> [The task]
Give back exactly the lines from the start of the listing to the line containing "Reiss Wool Flat-Front", inclusive, and nothing beyond them.

> [Supplied entries]
┄┄┄┄┄┄

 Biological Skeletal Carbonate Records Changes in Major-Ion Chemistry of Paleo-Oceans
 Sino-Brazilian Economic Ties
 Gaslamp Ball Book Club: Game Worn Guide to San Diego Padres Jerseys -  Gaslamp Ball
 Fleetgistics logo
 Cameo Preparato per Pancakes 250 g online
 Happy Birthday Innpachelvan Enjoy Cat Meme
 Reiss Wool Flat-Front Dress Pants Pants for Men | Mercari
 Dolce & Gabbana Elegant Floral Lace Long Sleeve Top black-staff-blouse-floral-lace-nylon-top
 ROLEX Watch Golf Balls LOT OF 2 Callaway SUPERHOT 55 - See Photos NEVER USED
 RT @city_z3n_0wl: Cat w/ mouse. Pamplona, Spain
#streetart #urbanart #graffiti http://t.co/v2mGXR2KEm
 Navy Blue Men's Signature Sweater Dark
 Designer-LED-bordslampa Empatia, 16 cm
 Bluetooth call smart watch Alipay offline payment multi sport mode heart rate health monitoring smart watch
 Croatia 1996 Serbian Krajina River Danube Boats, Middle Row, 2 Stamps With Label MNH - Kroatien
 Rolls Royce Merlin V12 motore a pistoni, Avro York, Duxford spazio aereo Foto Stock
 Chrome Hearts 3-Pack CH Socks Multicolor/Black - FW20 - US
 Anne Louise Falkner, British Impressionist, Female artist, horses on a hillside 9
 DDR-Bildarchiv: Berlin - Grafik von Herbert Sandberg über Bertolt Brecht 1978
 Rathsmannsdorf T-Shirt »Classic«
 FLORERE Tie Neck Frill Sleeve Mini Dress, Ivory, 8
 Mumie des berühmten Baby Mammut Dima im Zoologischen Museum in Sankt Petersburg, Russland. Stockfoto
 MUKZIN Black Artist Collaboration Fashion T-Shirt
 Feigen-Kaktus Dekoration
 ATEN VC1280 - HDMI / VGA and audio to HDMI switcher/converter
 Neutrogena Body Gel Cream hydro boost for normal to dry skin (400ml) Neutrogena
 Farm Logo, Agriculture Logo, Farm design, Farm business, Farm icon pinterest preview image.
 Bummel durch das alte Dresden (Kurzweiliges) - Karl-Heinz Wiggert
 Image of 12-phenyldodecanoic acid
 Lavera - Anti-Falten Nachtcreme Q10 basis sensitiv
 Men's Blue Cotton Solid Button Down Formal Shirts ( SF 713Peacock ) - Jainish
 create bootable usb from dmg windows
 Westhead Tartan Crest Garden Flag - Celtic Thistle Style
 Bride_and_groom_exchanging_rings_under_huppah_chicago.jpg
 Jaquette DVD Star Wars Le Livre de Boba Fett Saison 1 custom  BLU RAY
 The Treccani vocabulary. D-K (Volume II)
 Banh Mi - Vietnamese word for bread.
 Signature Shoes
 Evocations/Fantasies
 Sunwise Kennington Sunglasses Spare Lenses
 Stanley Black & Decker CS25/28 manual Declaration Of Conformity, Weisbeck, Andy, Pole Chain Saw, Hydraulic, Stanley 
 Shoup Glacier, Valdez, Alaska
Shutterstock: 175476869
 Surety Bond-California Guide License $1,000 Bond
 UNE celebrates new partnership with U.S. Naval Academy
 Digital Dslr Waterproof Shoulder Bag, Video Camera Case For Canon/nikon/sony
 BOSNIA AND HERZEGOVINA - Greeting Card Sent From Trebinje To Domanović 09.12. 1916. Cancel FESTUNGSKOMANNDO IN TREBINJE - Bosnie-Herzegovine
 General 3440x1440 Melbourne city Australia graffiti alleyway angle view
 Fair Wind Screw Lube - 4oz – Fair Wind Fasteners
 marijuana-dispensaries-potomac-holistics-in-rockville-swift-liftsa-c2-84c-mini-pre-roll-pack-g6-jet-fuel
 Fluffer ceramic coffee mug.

┄┄┄┄┄┄

> [Solution to this exercise]
 Biological Skeletal Carbonate Records Changes in Major-Ion Chemistry of Paleo-Oceans
 Sino-Brazilian Economic Ties
 Gaslamp Ball Book Club: Game Worn Guide to San Diego Padres Jerseys -  Gaslamp Ball
 Fleetgistics logo
 Cameo Preparato per Pancakes 250 g online
 Happy Birthday Innpachelvan Enjoy Cat Meme
 Reiss Wool Flat-Front Dress Pants Pants for Men | Mercari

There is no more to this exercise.